Challenging User Scenarios
In another scenario, you may want to test how your chatbot reacts to users who are rude or in a hurry. This allows you to evaluate its ability to maintain professionalism and provide effective responses under challenging circumstances. Below is an example styling configuration:
styling_config_challenging = StylingConfig(
expected_output="Respond politely and remain professional, even when the user is rude or impatient. The chatbot should maintain a calm and empathetic tone while providing clear and actionable advice.",
input_format="Simulate users being rushed, frustrated, or disrespectful in their queries.",
task="The chatbot acts as a specialist in medical diagnosis, integrated with a patient scheduling system. It manages tasks in a sequence to ensure precise and effective appointment setting and diagnosis processing.",
scenario="Users who are impatient, stressed, or rude but require medical assistance and advice."
)
High Quality Configurations
For high-priority use cases, you may want to define higher-quality filters to ensure that the generated dataset meets rigorous standards. While this approach might cost more to generate the same number of goldens, the trade-off can be invaluable for critical applications. Here’s an example of how you can define such quality filters:
from deepeval.synthesizer.config import FiltrationConfig
from deepeval.synthesizer import Synthesizer
filtration_config = FiltrationConfig(
critic_model="gpt-4o", # Model used to assess the quality of generated data
synthetic_input_quality_threshold=0.8 # Minimum acceptable quality score for generated inputs
)
synthesizer = Synthesizer(filtration_config=filtration_config)
You might want to push different evaluation datasets for various configurations to the platform. To do so, simply push the new dataset under a different name:
dataest.push(alias="Ambiguous Synthetic Test")

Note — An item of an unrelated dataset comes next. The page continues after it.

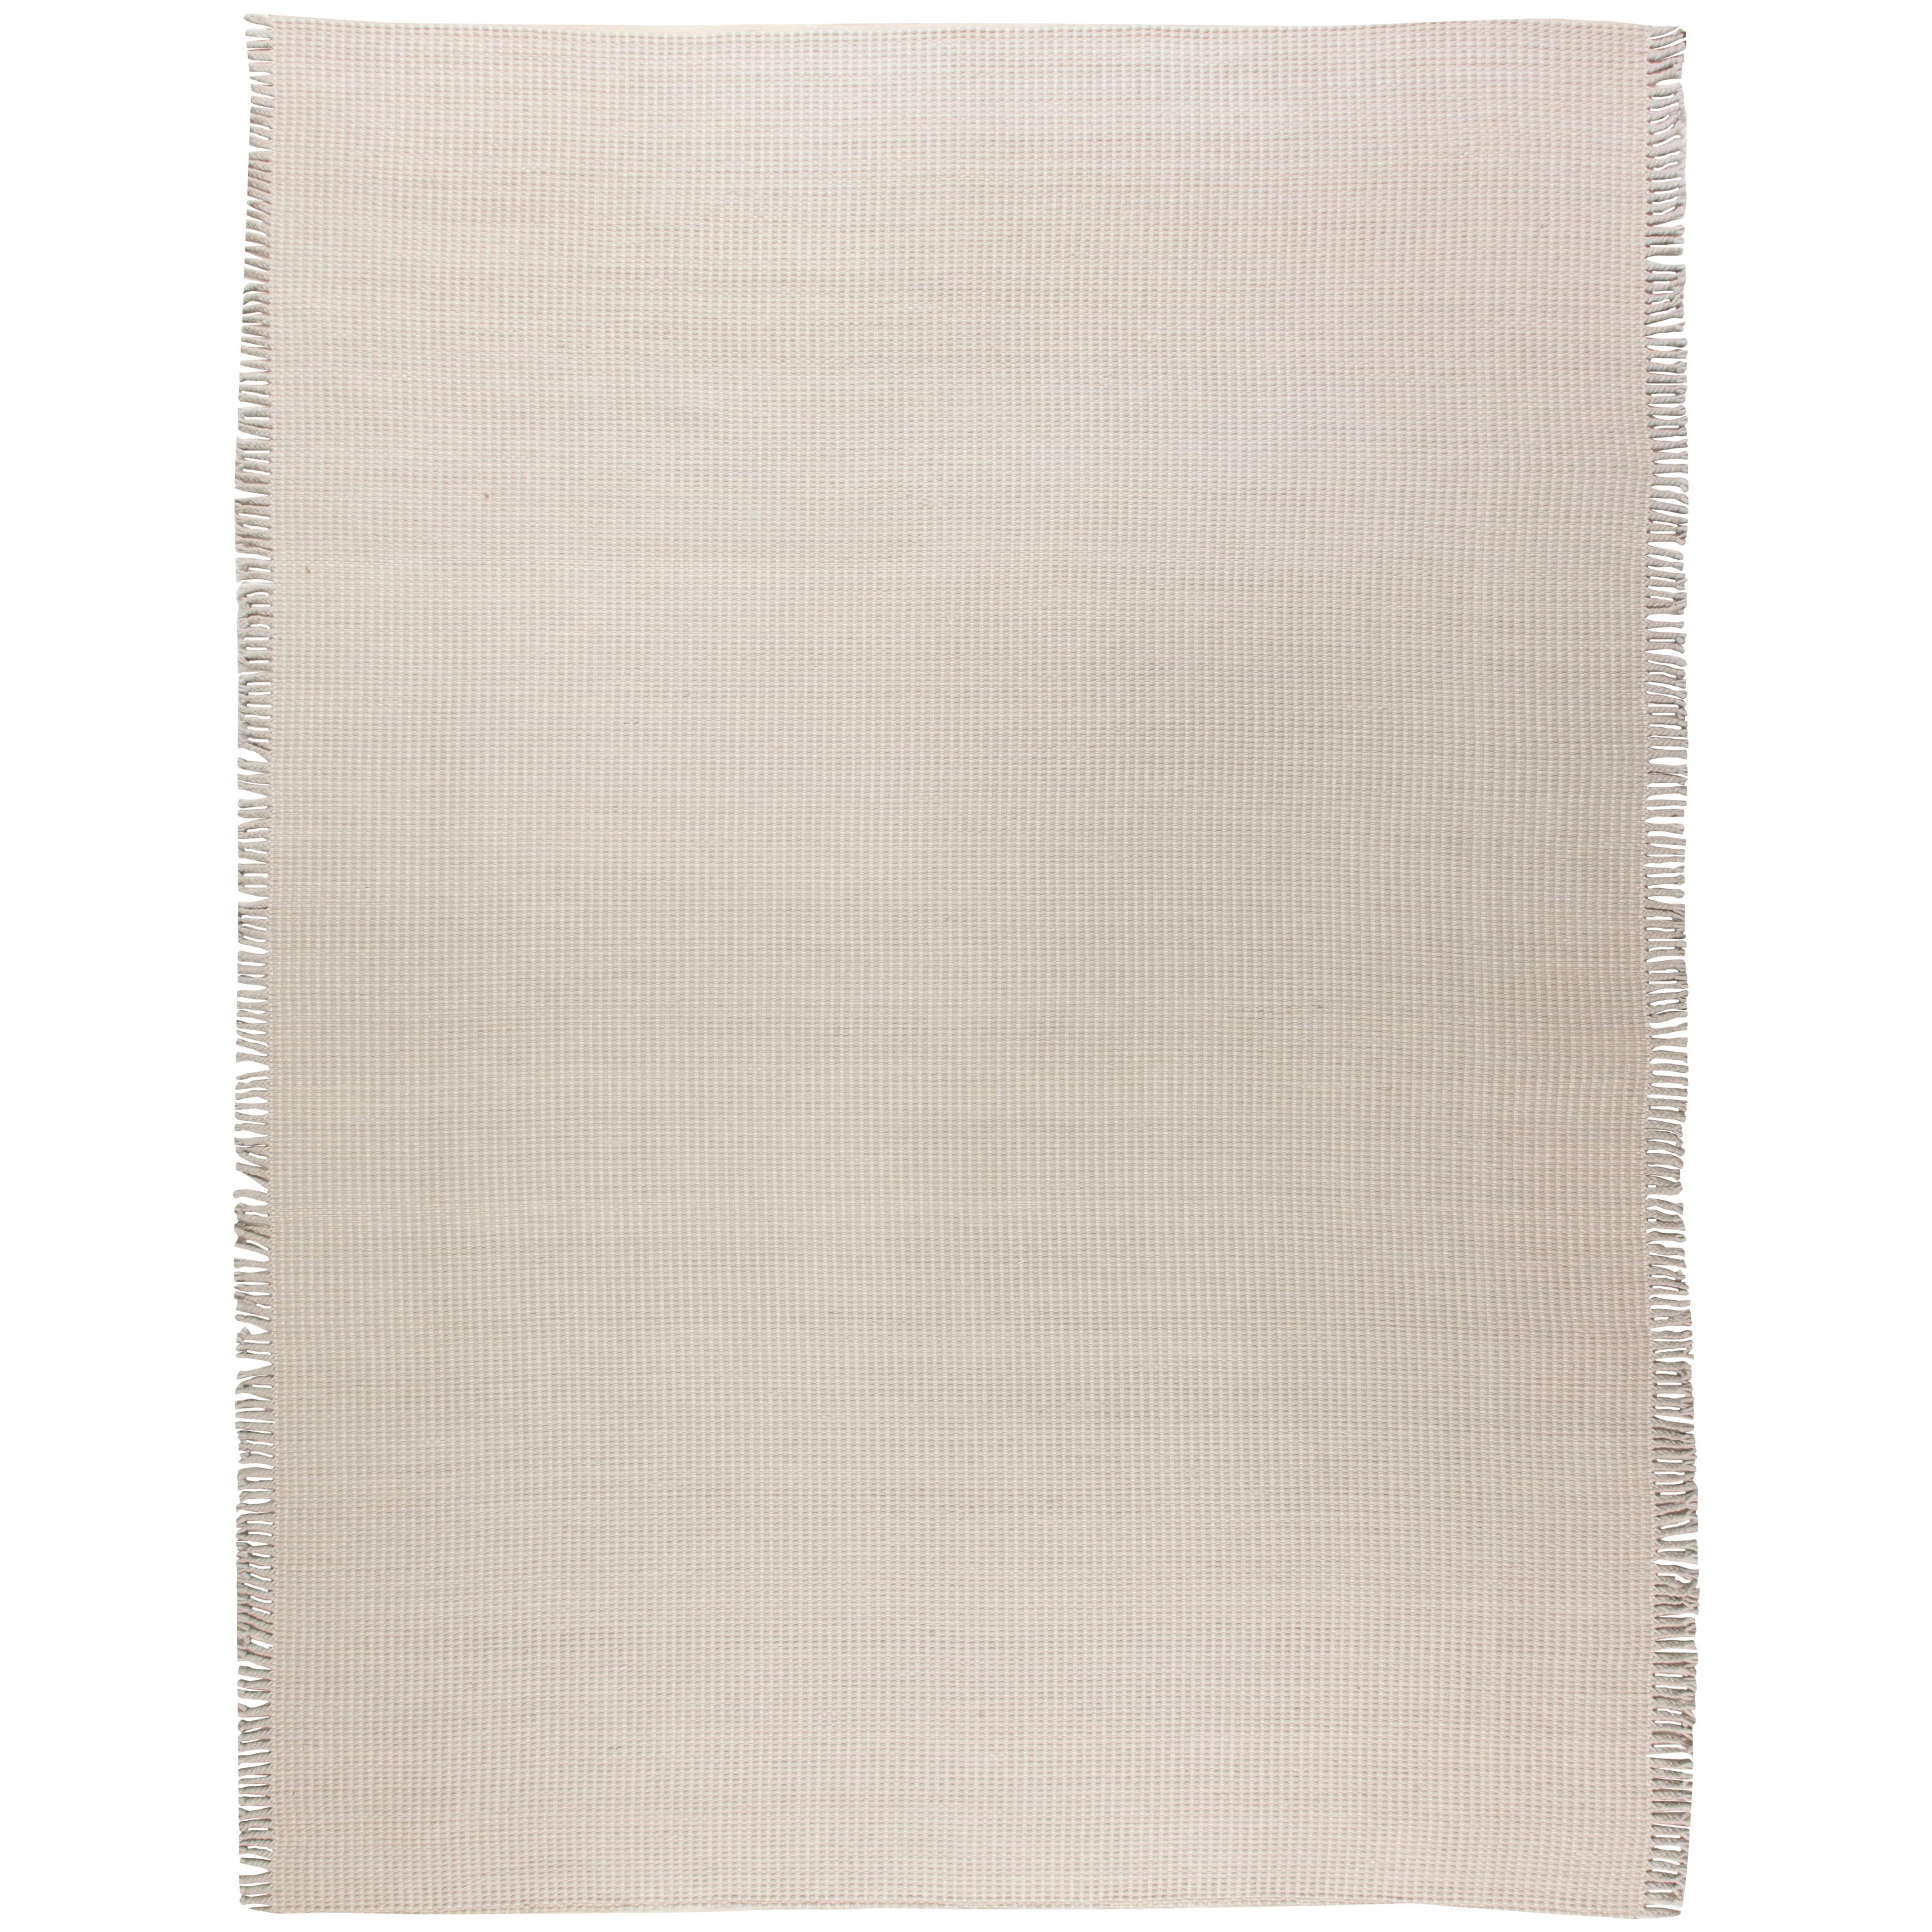 Contemporary Solid Beige and Gray Flat-Weave Wool Rug by Doris Leslie Blau

Generating Synthetic Data from Scratch
1. Defining Style Configuration
Similar to generating from documents, you'll want to customize the output style and format of any input
and/or expected_output
when generating synthetic goldens from scratch. When generating from scratch, your creativity is your limit. You can test your LLM for any interaction you can foresee. In the example below, we'll define user inputs to try to book an appointment by providing name information and email.
from deepeval.synthesizer.config import StylingConfig
styling_config = StylingConfig(
input_format="User inputs including name and email information for appointment booking.",
expected_output_format="Structured chatbot response to confirm appointment details.",
task="The chatbot acts as a specialist in medical diagnosis, integrated with a patient scheduling system. It manages tasks in a sequence to ensure precise and effective appointment setting and diagnosis processing.",
scenario="Non-medical patients describing symptoms to seek a diagnosis."
)
Alternatively, you can also just make the patient say a greeting to the chatbot.
styling_config = StylingConfig(
input_format="Simple greeting from the user to start interaction with the chatbot.",
expected_output_format="Chatbot's friendly acknowledgment and readiness to assist.",
task="The chatbot acts as a specialist in medical diagnosis, integrated with a patient scheduling system. It manages tasks in a sequence to ensure precise and effective appointment setting and diagnosis processing.",
scenario="A patient greeting the chatbot to initiate an interaction."
)
2. Generating the Goldens
The next step is to simply initialize your synthesizer with the styling configurations and push the dataset to Confident AI for review.
from deepeval.synthesizer import Synthesizer
# Initialize synthesizer for appointment booking
synthesizer = Synthesizer(styling_config=styling_config)
synthesizer.generate_goldens_from_scratch(num_goldens=25)
dataset.push("Synthetic Test from Scratch")
The reason why the expected output format works better than relying on your LLM directly is that it is hyper-focused on one task or topic. In contrast, a typical LLM application operates with a longer system prompt and may even be fine-tuned, making it less focused on handling very specific queries with precision.